If it is not your land, and they are not crossing your land to get to it, I dont think there is anything or should or are able to do, other than trying to find out who does own the land and letting them know.


----------



## MikeyPrepper (Nov 29, 2012)

****UPDATED****
OK so I SET UP A TRAIL CAM AND GUESS WHAT IT WAS MISSING... FOUND IT LATER ON DEEPER IN WOODS..HMM..... ODD.... THEN JUST THIS MINUTE SOMEONE MAYBE EARLY TEENS 18/19 MALE WALKING DOWN MY DEAD END STREET LOOKING DOWN DRIVEWAYS... WE HAD SOMEONE ELSE DO THIS 1 WEEK AGO... SOMETHING IS NOT RIGHT


----------



## Slippy (Nov 14, 2013)

Buy or make a Hawg Cage. Capture one of these trespassing ******* and place him in the cage. Wear a paper bag with holes cut out to see and breath. (Similar to the bags New Orleans Saints fans wore in the late 70s.)

Mind screw this trespassing ****** for a day or 3 letting them know you are King Shit of the area and the next time you see him it won't be good. Load him up naked, blindfolded and still in the cage and drop him off in Trenton.

You're Welcome!


----------



## dwight55 (Nov 9, 2012)

The first thing I would do is find out who owns the property, . . . and see what their take on the activity is. 

It really is THEIR problem until you can tie the miscreants to some of the illicit activities occurring on or near your property. 

Until then it is only suspicion on your part.

May God bless,
Dwight


----------



## 8301 (Nov 29, 2014)

Personally I tend to be fairly aggressive even if the property isn't mine. Several times a year I challenge people on land around me since I know the owners wouldn't want strangers poking around on their property. Usually it's just someone hunting or riding a motorcycle across the fields but I want people to know that I am aware that they are around.


----------



## Grinch (Jan 3, 2016)

FoolAmI said:


> I want people to know that I am aware that they are around.


People tend to get a little nervous if they even THINK someone is watching them.

As Slippy said mind screw them, even if no physical violence or even containment is used, because a mental " war " so to speak is far more effective against one's enemy than a physical one.
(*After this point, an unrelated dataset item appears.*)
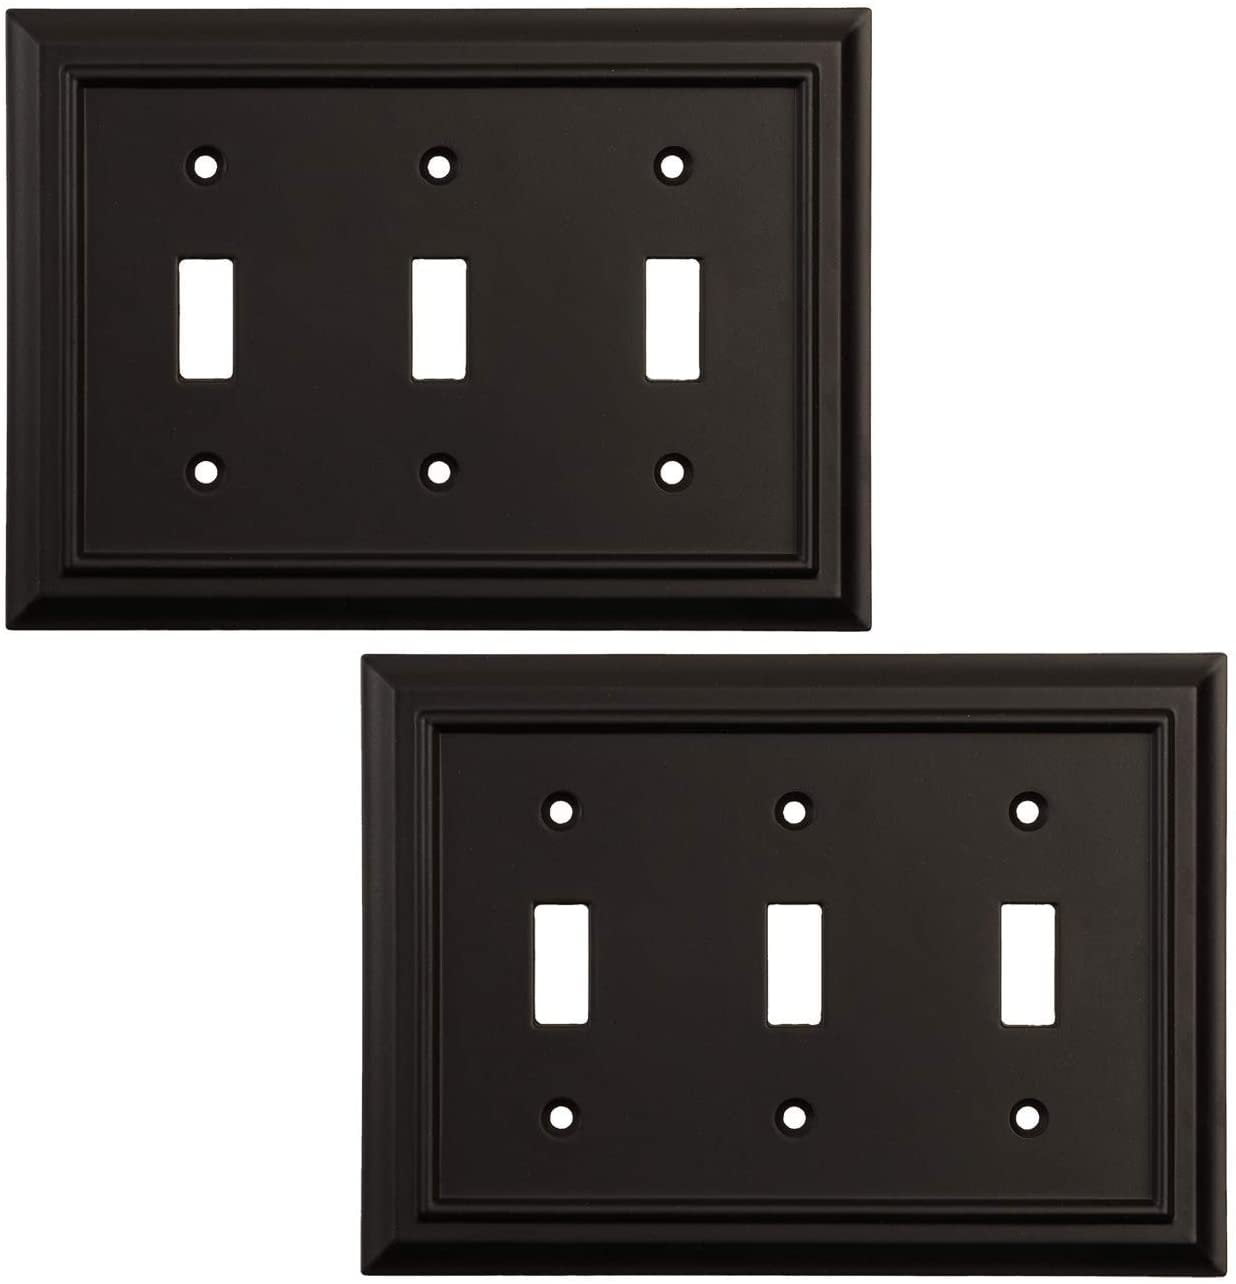 Gray & White Cross Hatch Art Plates 3-Gang Toggle OVERSIZED Switch Plate/OVER SIZE Wall Plate

You get inside their heads then cracks em like a dip can and it gets your point across a lot more than going out ready to inflict physical harm. I mean after all how many of us were a little more cautious around clowns after seeing the movie It for example ? I certainly was and one has never harmed me in the least, if you feed off of their fears and use it against them it is far more devastating.


----------



## New guy 101 (Dec 17, 2014)

Now call me old fashion...but just because it ain't your property doesn't mean it ain't your problem. 
Your problem isn't that they are drinking or whatever on someone else's property...your problem is that folks who need to go drinking or whatever on someone else's property obviously aren't model citizens and have no respect for others property...and now those same folks are around your property. 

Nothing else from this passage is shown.